'I Feed From Negativity': How Online Hate Inspires Gauff To Play Better

'I Feed From Negativity': How Online Hate Inspires Gauff To Play Better

by Nurein Ahmed

WTA World No. 3 Coco Gauff is unperturbed by social media harassment or hate and reckons critics and haters are her biggest motivators.

Gauff, 19, has enjoyed a jaw-dropping rise into the upper echelons of the sport, drawing comparisons to her childhood idol Serena Williams. She has downplayed being held in such a company and is just purely happy to be a 'product of her legacy'.

She may be very young, but her mentality and ambitious attitude caught the attention of her coach Pere Riba right from when their partnership came into being. Gauff's match-winning talents have also given tennis fans a dose of high expectations.

So on the occasional drop in form, some of Gauff's most fiercest critics have a hippodrome of making their voices heard. Even Gauff, who is 19, ranked in the world's Top 10 for over a year and now a Grand Slam champion is not immune to online hate.

But what particularly distinguishes the young American from most of her peers is her unflappable demeanor. Gauff doesn't mention whether this might be an innate ability as she doesn't recommend it, but she is inspired by negativity.

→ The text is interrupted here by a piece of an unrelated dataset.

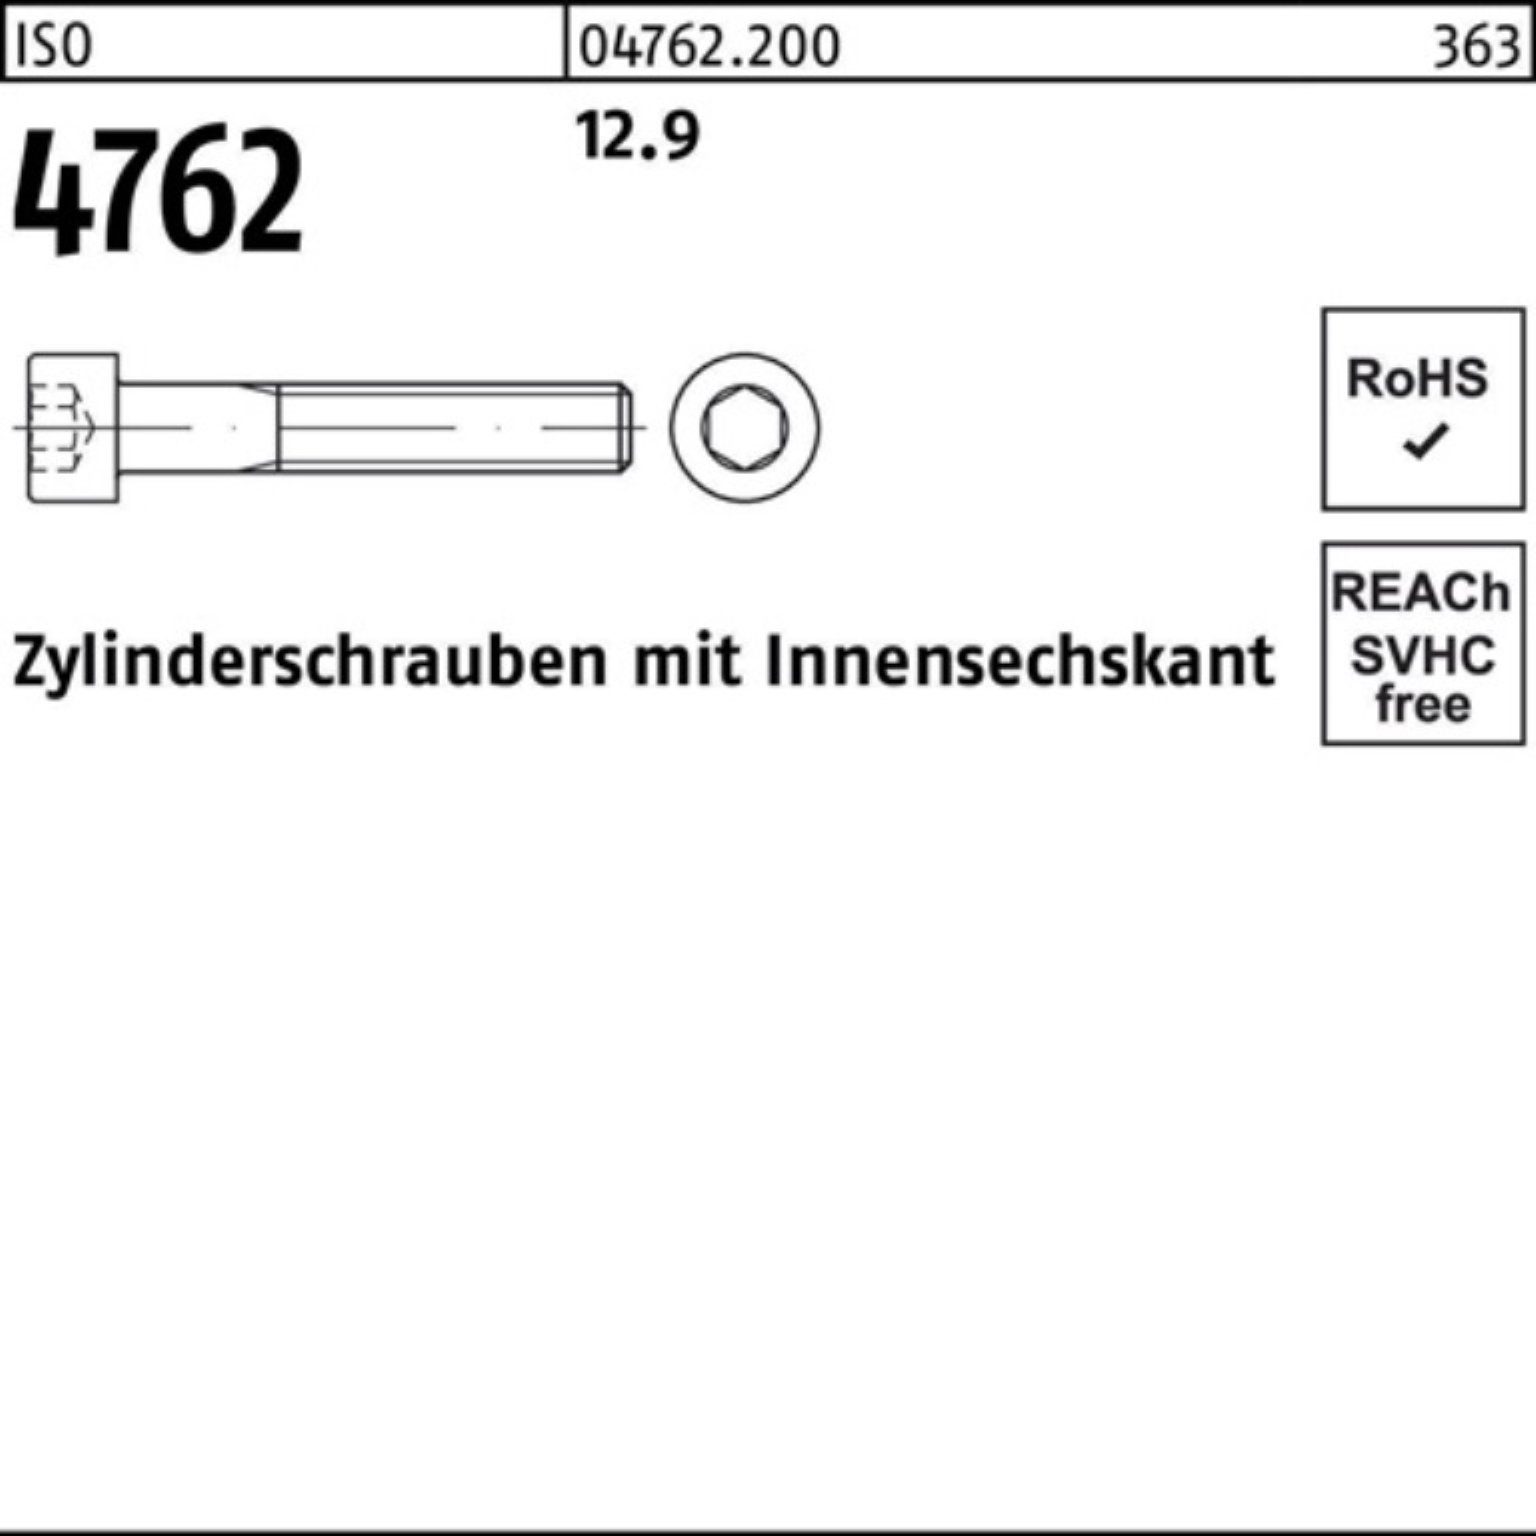 ISO 200er Zylinderschraube Stück 12.9 200 Reyher M4x 80 Pack Innen-6kt Zylinderschraube 4762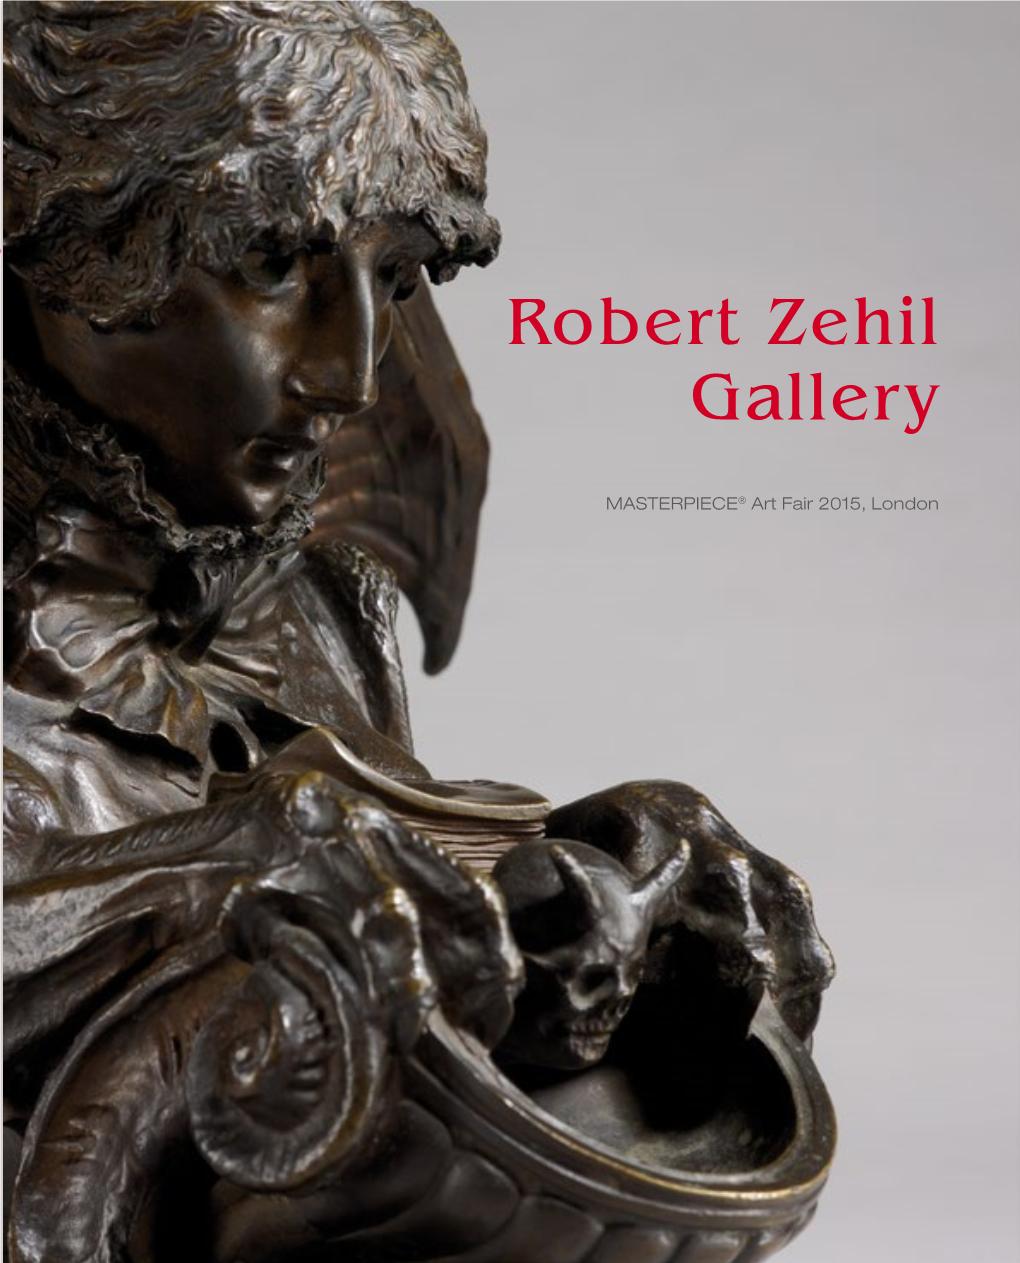 Robert Zehil Gallery MASTERPIECE® Art Fair 2015, London Art Fair 2015 ®

Speaking after her first-round win over Ekaterina Alexandrova at the China Open, she states that she likes to 'argue' and 'prove people wrong'. But on the advice of her team members, she refrains from engaging trolls on the internet. Instead, she prefers to respond with her racket on a match day,

"I feel like my brain just works differently. I used to not be on Twitter at all. I'm still really not on Twitter much. But sometimes you get caught up in the scroll. The way the page is, the accounts that you interact with, you see yourself. I interact with tennis a lot obviously, so those tweets come up. Obviously, I see about myself, positive and negative."

"I wouldn't say negativity is something that's welcome. It's more, I don't know, something that I draw inspiration from. I wouldn't recommend everybody to do that. Some of those comments can get out of hand."

"But for the most part, I don't know, it's weird, maybe I feed from negativity. That's weird. A lot of players don't like it. For me, I'm very stubborn. I like to argue. I like to prove people wrong. My agent and my team advise not to comment back, so I use my racquet to do it."